Largely, these recent interest rate cuts don’t affect any of your loans. If you have student loans, they are almost certainly locked in to a certain interest rate and since interest rates have been falling for a couple of years, you probably already consolidated your loans. If you haven’t, you can consolidate now but all of those loans are packaged and a weighted average of the interest rates becomes your new rate. Try to lock in a rate below 5%.

Consolidation of student loans isn’t as simple as it sounds, though. Only certain loans are eligible for consolidation and you can’t consolidate a mix of public and private loans.

Credit Cards

Remember that rate that the Federal Reserve promised to keep at near 0% until 2013? That is what your credit card interest rates are based on so don’t look for much help there either. If you have an existing credit card and the rate is above 15%, ask for a review of your rate if you have a spotless payment history. If you don’t, your chances of a lower rate are slim. If you are a disciplined money manager and you can commit to paying your card off within a year to 18 months, consider a balance transfer to a zero interest rate card. That 0% rate will turn in to a rate that may be higher than your original card. Unfortunately, recent interest rate cuts aren’t going to help your credit card.

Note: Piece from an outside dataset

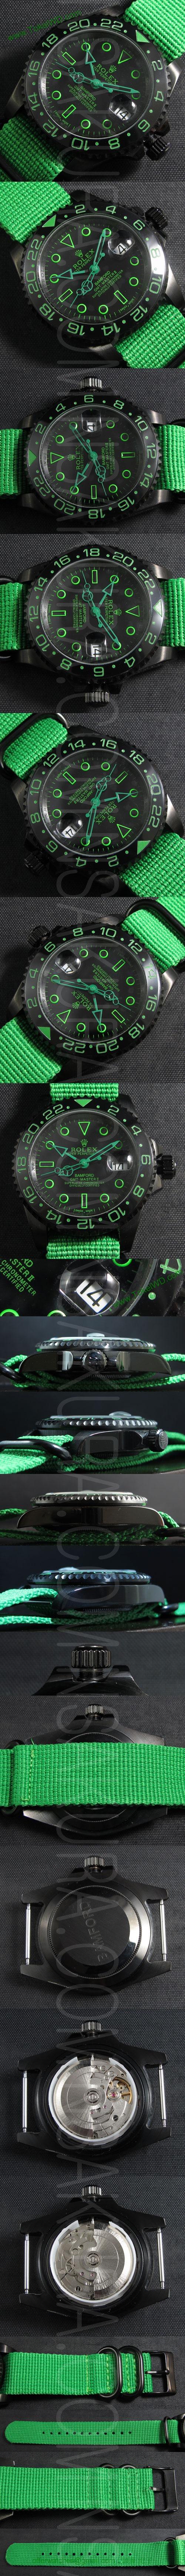 ロレックス GFDWS3 コピー 時計
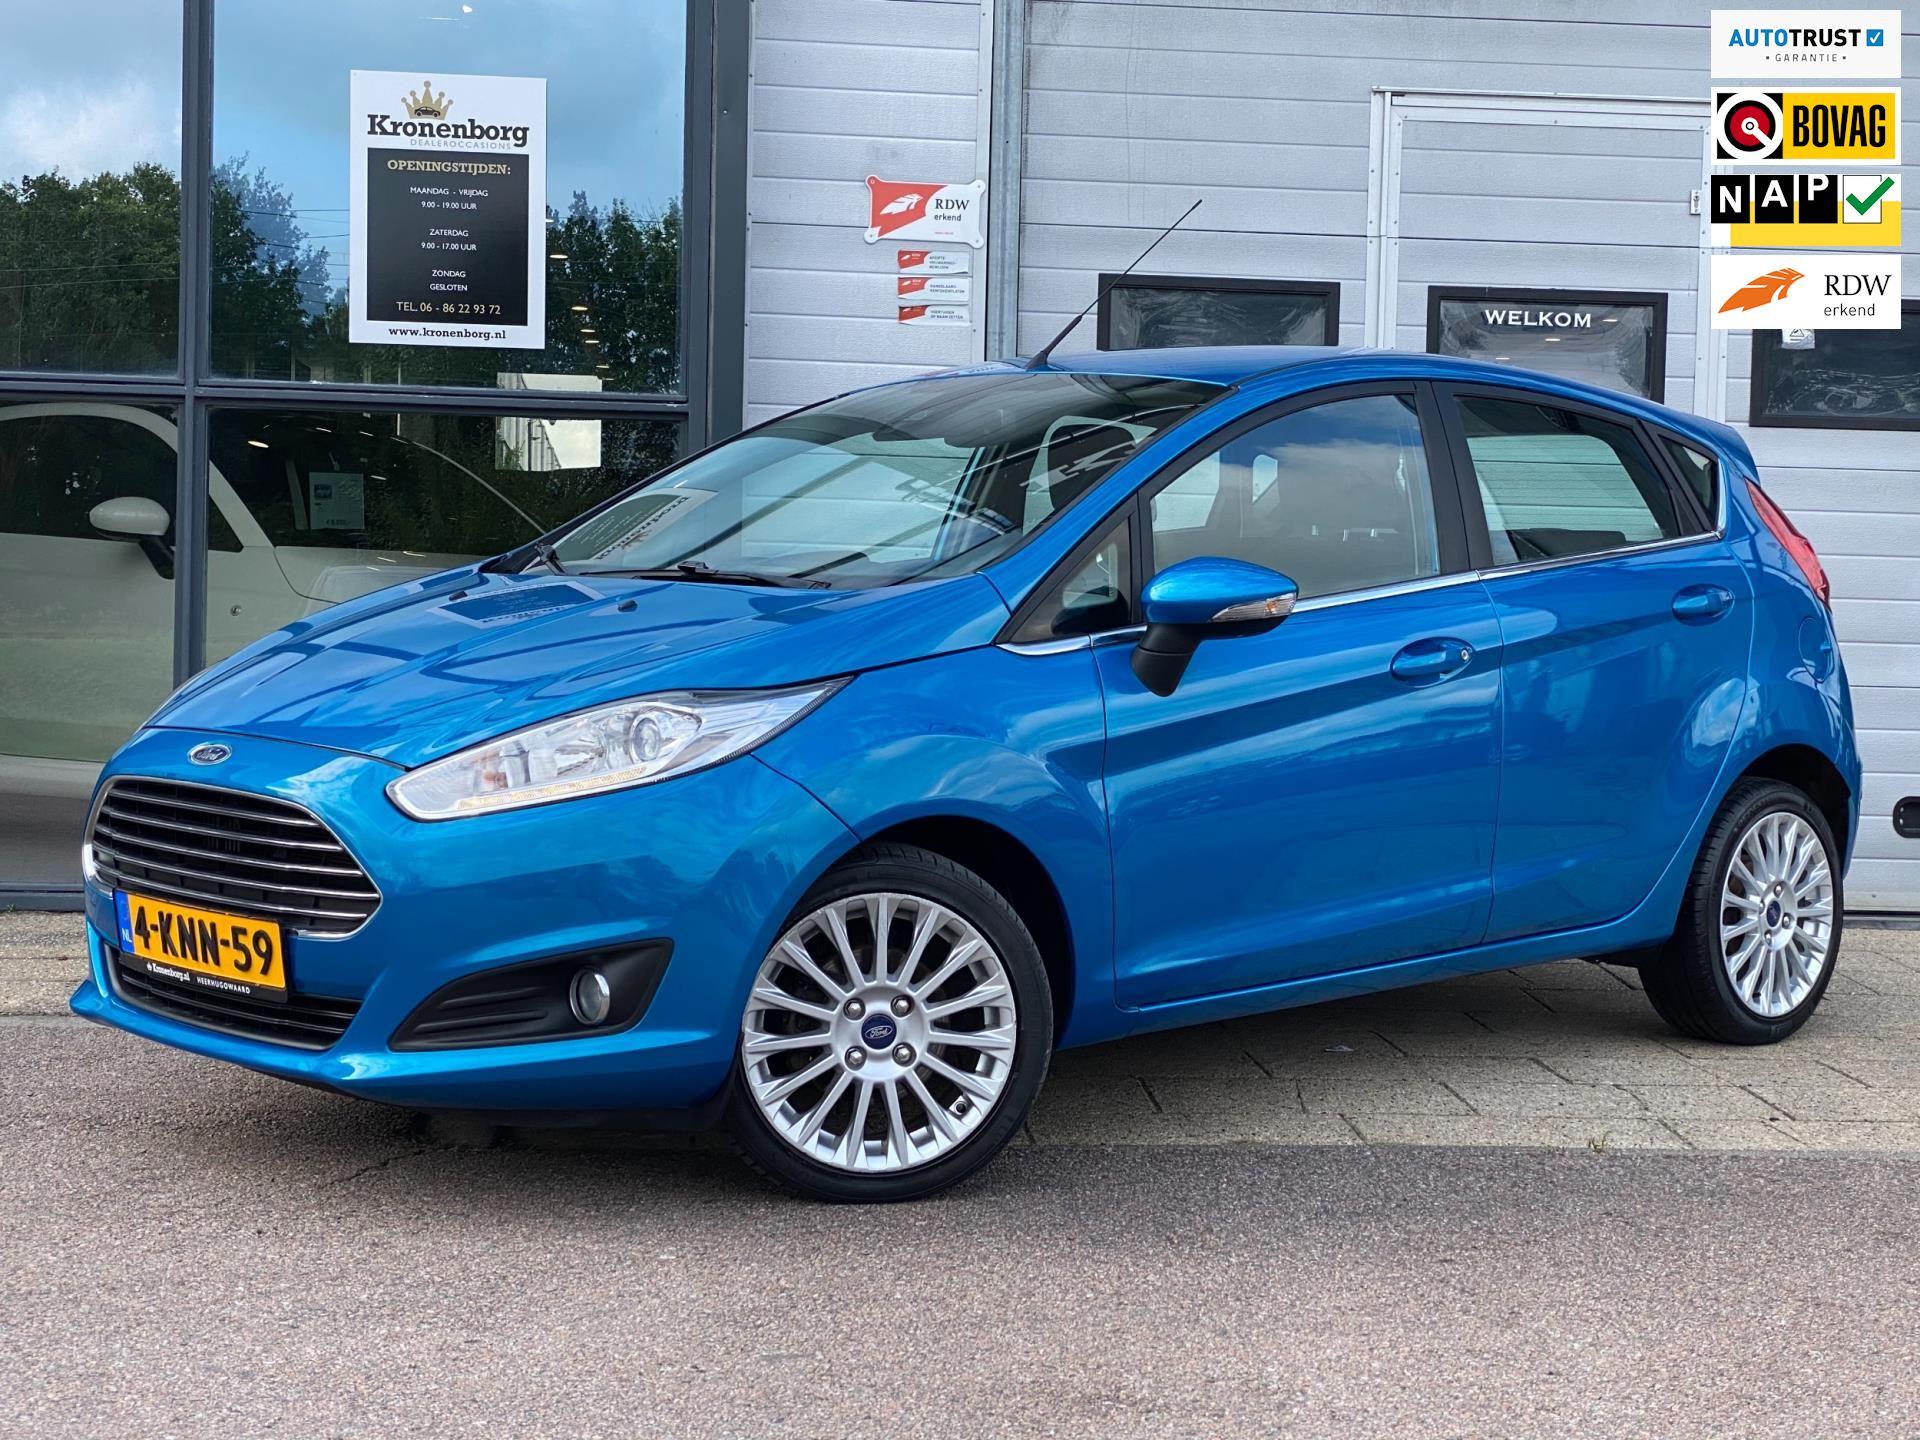 Ford Fiesta occasion - Kronenborg

If you own a home and you haven’t refinanced since 2008, now might be the time. With interest rates at a historic low, now is the perfect time to find a mortgage refinance calculator online and see if the money you save each month is worth the cost of the refinance.

If you’re considering buying a home, the market is customer friendly but what about your finances? As a general rule, you need an average credit score of 740 and at least a 25% down payment in order to qualify for a loan.


When you hear that interest rates have fallen, the actual benefit to you is often very little. You’ve heard it before but it can’t be repeated enough: The best way to gain better financial footing is to eliminate as much of your debt as possible. This makes any discussion of interest rates largely unimportant to you.